Here is the dress form pic so you can see the actual colors. I did make one change which was to lower the front neckline about 1/2 inch, since I felt the original was a bit high for my comfort, and then I decided to add the V neckline detail, which is super easy as there is the center front seam.

ribbon dress on form front

In case you can't tell - my post for Craftsy was about sewing with ribbon. I have a lot of ribbon which I always think I will use but so far not so much. The occasional ribbon sash or something like that but doing this post got me thinking about it and I have some ideas for incorporating a ribbon accent into a shirt.

craftsy photo ribbon post

I read a post by Nakisha recently and she was commenting on the type of ribbon found on a ready to wear skirt that she had. I am pretty sure it is petersham ribbon which is quite different from grosgrain in how it behaves. You can shape petersham ribbon with the iron as you can see in the photo above, you could not do it with grosgrain. It is kind of hard to find petersham in chain type fabric stores but I am lucky that Stone Mountain has lots, plus I think you can find it at various places on line. Be sure to get petersham if you want to do this treatment.

On the left, mint green is the petersham - see how the edge is not finished. The grosgrain (light blue) on the right has that distinctive ridge and you could not bend or shape that no matter how hard you try.

grosgrain and petersham

petersham ribbon  example

Other than adding the ribbon this was a very straightforward project - my pattern was all fitted and I just had to sew it up. I put an all-in-one neckline and armhole facing of white cotton which I sewed, pulled the dress through the shoulder seams to have a clean finish and then under stitched where possible. I am a big believer in under stitching, never skip that. I sewed the ribbon on the neck edge first and thought that would do it, thinking maybe some on the hemline. But once it all finished but the hem I thought it needed the ribbon around the armholes as well. So that is sewn through the facing. Not that it makes any difference. And no ribbon on the hemline - just didn't need it. I do a lot of evaluating as I sew - sometimes walk away from things or leave them on the dress form so I see them as I walk by and get ideas for changes in proportion or shaping that way. In any case - I rarely sew up a pattern as is so those ideas need a little time to percolate:)

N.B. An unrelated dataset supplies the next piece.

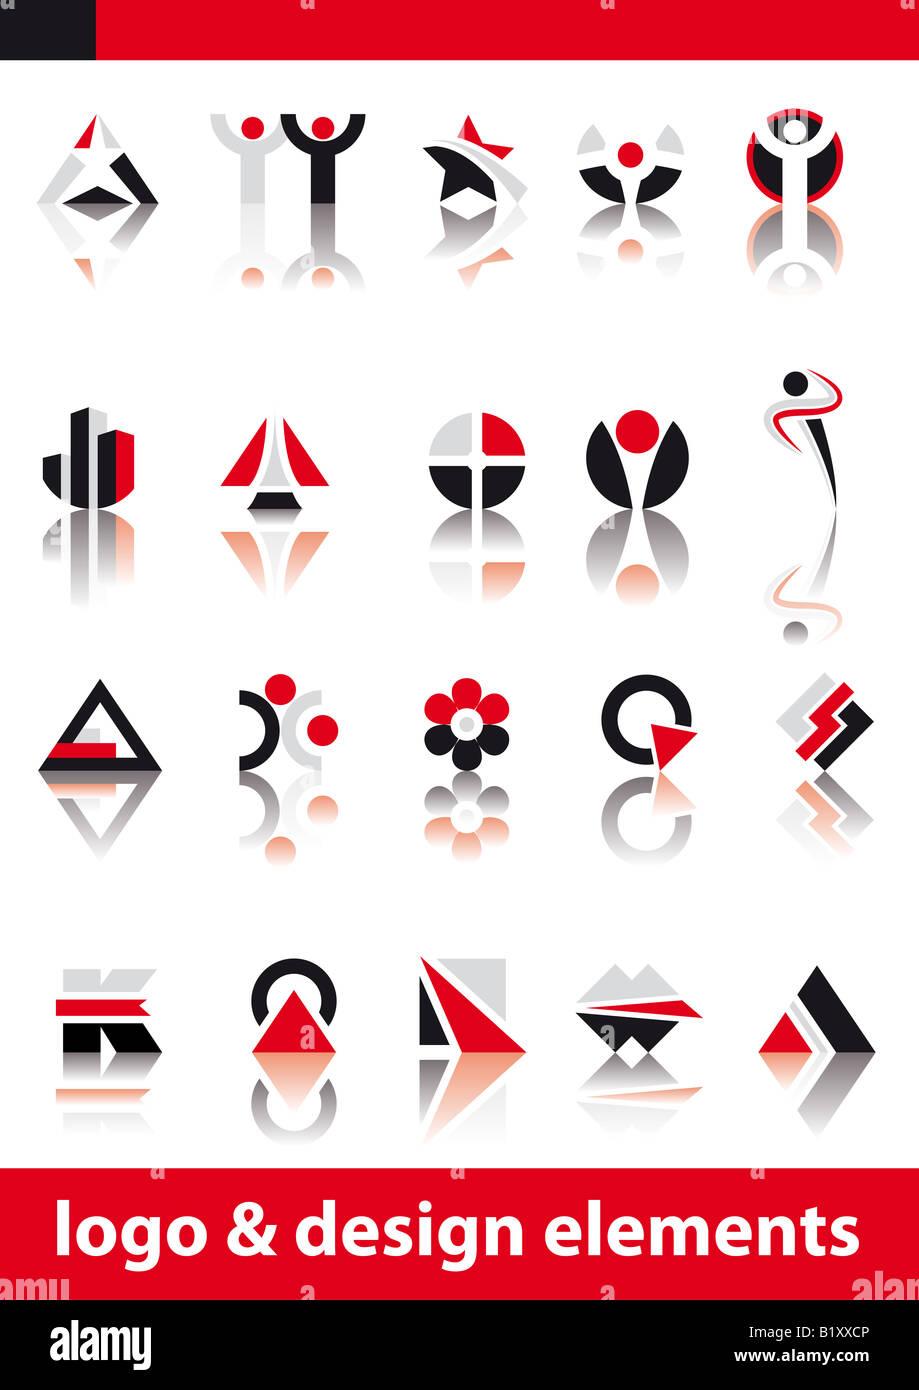 Abstract illustrazione vettoriale del logo ed elementi di design Immagini Stock

Back view, it is a simple sheath dress with waist darts. I did tighten up the center back seam about an inch at the very top as the first version gaped a bit there.

ribbon dress on form back

This is such a perfect summer daytime dress for me - great for hot weather which we are supposed to have plenty of this weekend. I tried to make it a bit more fitted, sometimes I think I make things a bit too loose as I have a mania about stuff that is too tight, so like Goldilocks says - this one is just right.

dress with ribbon1

Just to prove that now and then I do like a ruffle, and that I am no stranger to wild tropical print cotton sateen, here is a link to a previous summer dress. Which I really like but every time I think of wearing it I feel that I will be dazzling people with the bright colors. So what, right?

Sports. Ribbon. Wild tropical fabrics. All over the map in this post. As I said I have more ideas for using ribbon - as embellishment and also to create a lattice detail. Not sure if I will get to them but it's good to have those ideas swirling around.

Happy Summer weekend - unless you are in the southern hemisphere, (talking to you Australia) where I have a sneaking suspicion that your winter is a lot like ours here in the bay area. In the sense that you can sew and wear a cute coat and get those gloves and scarves out, more for fashion than anything else but don't have to worry about frostbite or the polar express. Or maybe I have that all wrong. Anyway - we are heading in to the 100's ˚F so I plan to float in the pool and maybe catch up on some novels.